If legal action against Fisher Investments is any indication, financial advisers increasingly will face lawsuits and arbitration claims from clients who are angry about investment losses.
This month, two sets of former clients of Fisher Investments, whose founder and chief executive, Ken Fisher, is known for his redoubtable marketing skills, have sued the firm, both alleging that it failed to live up to its fiduciary duty during the recent calamitous market meltdown.
There will be “more claims versus advisers in this type of environment,” said Theodore Eppenstein, senior partner at Eppenstein & Eppenstein in New York, which represents investors. “I think advisers could expect” more lawsuits and arbitration claims, he said.
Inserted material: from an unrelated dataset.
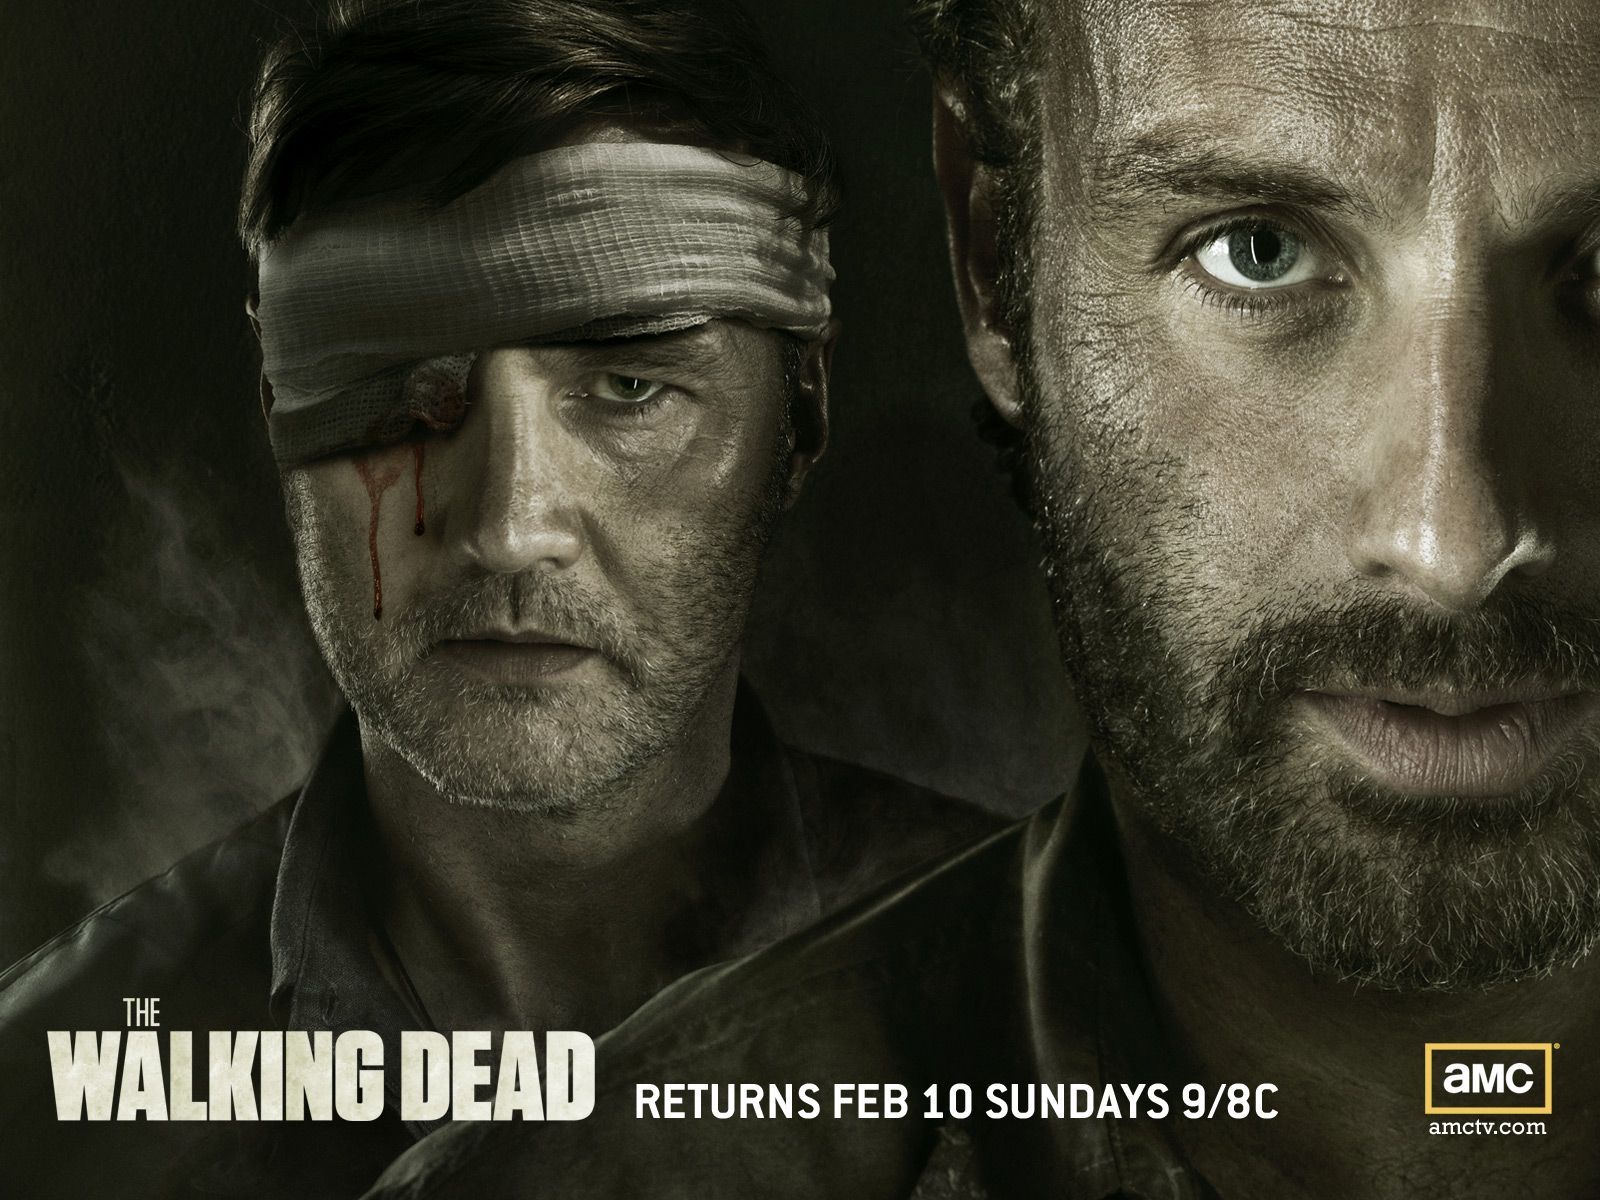 The Walking Dead - The Walking Dead Wallpaper (33489757) - Fanpop

After past market free falls, such as the bear market following the bursting of the technology stock bubble, stockbrokers and broker-dealers have been by far the most common target of arbitration claims by stunned investors looking to recoup losses, industry observers said.
But the historic severity of the recent market fall, coupled with investors’ making little or no distinction between stockbrokers and investment advisers, make the latter increasingly vulnerable to such claims, some attorneys and industry observers said.
Mr. Fisher, for his part, brushes off both claims, one a lawsuit filed this month in federal court in Houston and the other an arbitration filed this month in Atlanta.
In an interview Thursday, he stressed the mere handful of legal claims by investors Fisher Investments has faced, and said that the lawyers who are representing the clients in both matters are “similarly incompetent.”
Both cases “will run into a concrete wall,” Mr. Fisher said.
“The person who will be sorry in the end is the client, who will wind up spending money on lawyers and getting nothing,” he said.
Mr. Fisher, discussing one of the plaintiff’s lawyers in the arbitration claim, Andrew Stoltmann of the Stoltmann Law Offices PC in Chicago, said he wanted to teach Mr. Stoltmann “a lesson he won’t forget.”
When told of Mr. Fisher’s comments, Mr. Stoltmann, co-counsel in the claim, said: “Bring it on, bring it on.”
Mr. Fisher, however, acknowledged that the financial services industry as a whole is likely to face an increasing number of legal claims.
During a presentation he made last month at an industry meeting in New York, he pointed out that in the aftermath of every bear market, there is a pickup in arbitration claims and litigation.
Both the lawsuit and the arbitration claim allege that Fisher Investments of Woodside, Calif., failed to protect the clients’ money before last year’s stock market collapse, because the firm invested their portfolios almost exclusively in stocks.
InvestmentNews.com on Tuesday reported one legal action against Mr. Fisher, a $1.2 million arbitration claim.
A lawsuit making a similar allegation was filed by an investor this month in federal court in Houston. In that suit, the investor, Maurine Ford, claims that Fisher Investments caused “significant losses” to a living trust that the firm started to manage in June 2008.
Prior to that, her trust was managed by Lighthouse Capital Management LP of Houston, from which Fisher Investments bought the client assets last year.
“Upon the transfer of the trust’s investment account from Lighthouse to Fisher Investments, the asset allocation in the trust’s account was as follows: cash 27%, fixed income 32% and equities 41%,” the lawsuit states. “Fisher Investments recommended that [Ms. Ford] reallocate the trust’s portfolio to invest 100% in equities,” the suit states.
The arbitration statement of claim, which was filed May 5 in Atlanta, alleges that Fisher Investments invested too much of a retired doctor and his wife’s $2.5 million portfolio in stocks, even with the market in free fall last year.
“As the market continued to plunge throughout 2008, there was one common theme from Fisher Investments: blind optimism and staying fully invested in equities,” the arbitration claim states.
“Despite overwhelming evidence of a bear market, Fisher Investments kept its elderly and retired clients almost 100% in equities,” according to the arbitration claim, which was filed with Jams, an Irvine, Calif.-based private provider of alternative dispute resolution services.
The claim was filed by Brent and Michelle Murphy of Savannah, Ga. Mr. Murphy is 61, and his wife is 60.
Mr. Stoltmann said he expects to file more claims against Fisher Investments in the coming weeks.
Mr. Fisher declined to comment about either the arbitration or the lawsuit, because that would violate the privacy of the clients, he said.
However, he emphasized that Fisher Investments, which is one of the most noted investment advisory firms in the country, has a rigorous process of vetting clients and gathering information to review their goals and needs when they invest with the firm.
“We are over-the-top careful in this process,” he said.
Fisher Investments has $28 billion in client assets and 37,648 accounts, making it one of the largest registered investment advisory firms in the United States.